Official role
Founding Kernel Engineer, GPU Kernels
Location: San Francisco / Bay Area preferred. Remote exceptional for the right person.
About the Role
This is a performance engineering role for a senior builder who can learn unfamiliar hardware, reason from first principles, and produce trustworthy measurements. You will work near GPU kernels and numerical formats, but the core need is judgment: identify what matters, test it carefully, and turn low-level evidence into reusable optimization artifacts. Specific CUDA, HIP, Triton, Hopper, Blackwell, or CDNA experience is useful, not a hard gate.
What You'll Do
- Investigate performance questions that affect inference cost, latency, and reliability.
- Build or adapt kernels, microbenchmarks, and experiments when they are the right way to answer a question.
- Work with technologies such as CUDA, HIP, Triton, WGMMA, TMA, tcgen05.mma, TMEM, MFMA, Hopper, Blackwell, CDNA, FP4, NVFP4, and other sub-byte formats where relevant.
- Connect correctness, profiling, throughput, and system integration evidence into practical recommendations.
- Translate low-level findings into artifacts the broader product and infrastructure can use.
Skills and Qualifications
Minimum qualifications
- Fast learner with strong CS, systems, numerical, or performance fundamentals.
- AI-native builder who uses AI tools to study hardware docs, prototype kernels, debug failures, and move faster while verifying results.
- Evidence-backed measurement discipline, including careful profiling, benchmarking, and correctness checks.
- GPU, kernel, compiler, numerical, or performance engineering experience.
- Experience with C++, CUDA, HIP, Triton, or similar low-level performance tools, or clear ability to learn the needed stack quickly.

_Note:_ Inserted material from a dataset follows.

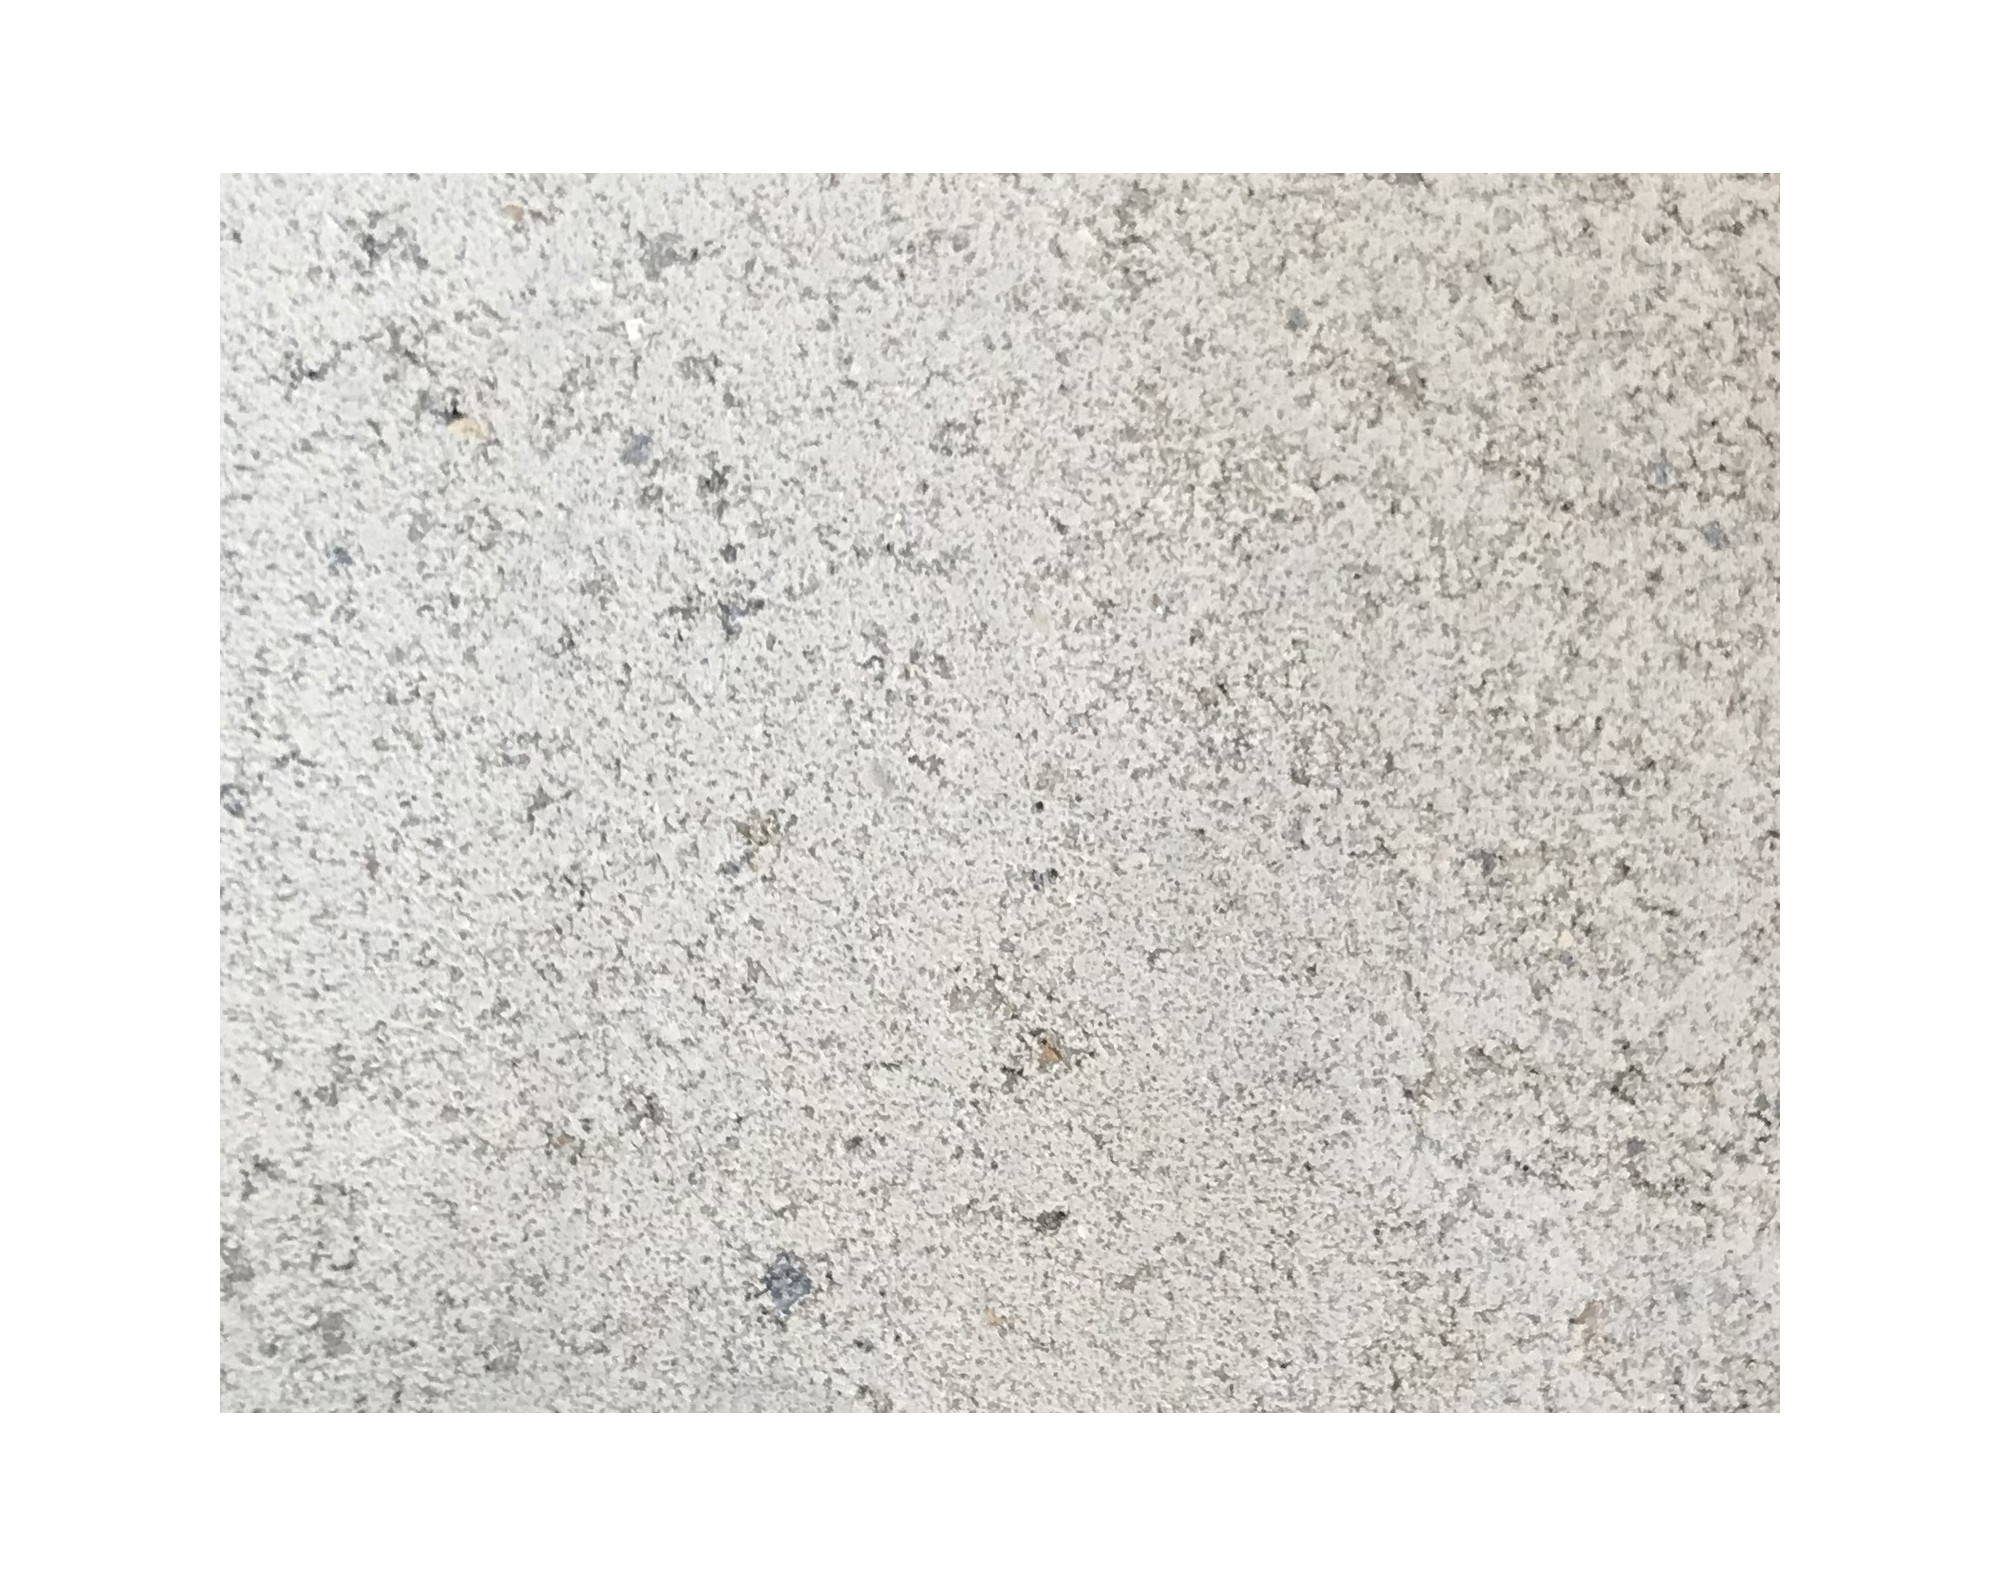 Harmo roc nevadaset, rustica-serie, 8-vormig d:5,50mx8,55m, gebroken wit, beton

- Comfort reasoning about numerical correctness and performance tradeoffs.
- Ability to communicate careful measurements without overstating results.
Preferred qualifications
- Experience with Hopper, Blackwell, CDNA, tensor cores, or MFMA.
- Experience with quantization formats, inference kernels, compiler work, or code generation.
- Published OSS, benchmark, kernel, compiler, or performance work.
Logistics
- Full-time founding role.
- San Francisco / Bay Area preferred. Remote exceptional for the right person.
- Details discussed during process.
When applying, select "Founding Kernel Engineer, GPU Kernels" in the Role or lane field.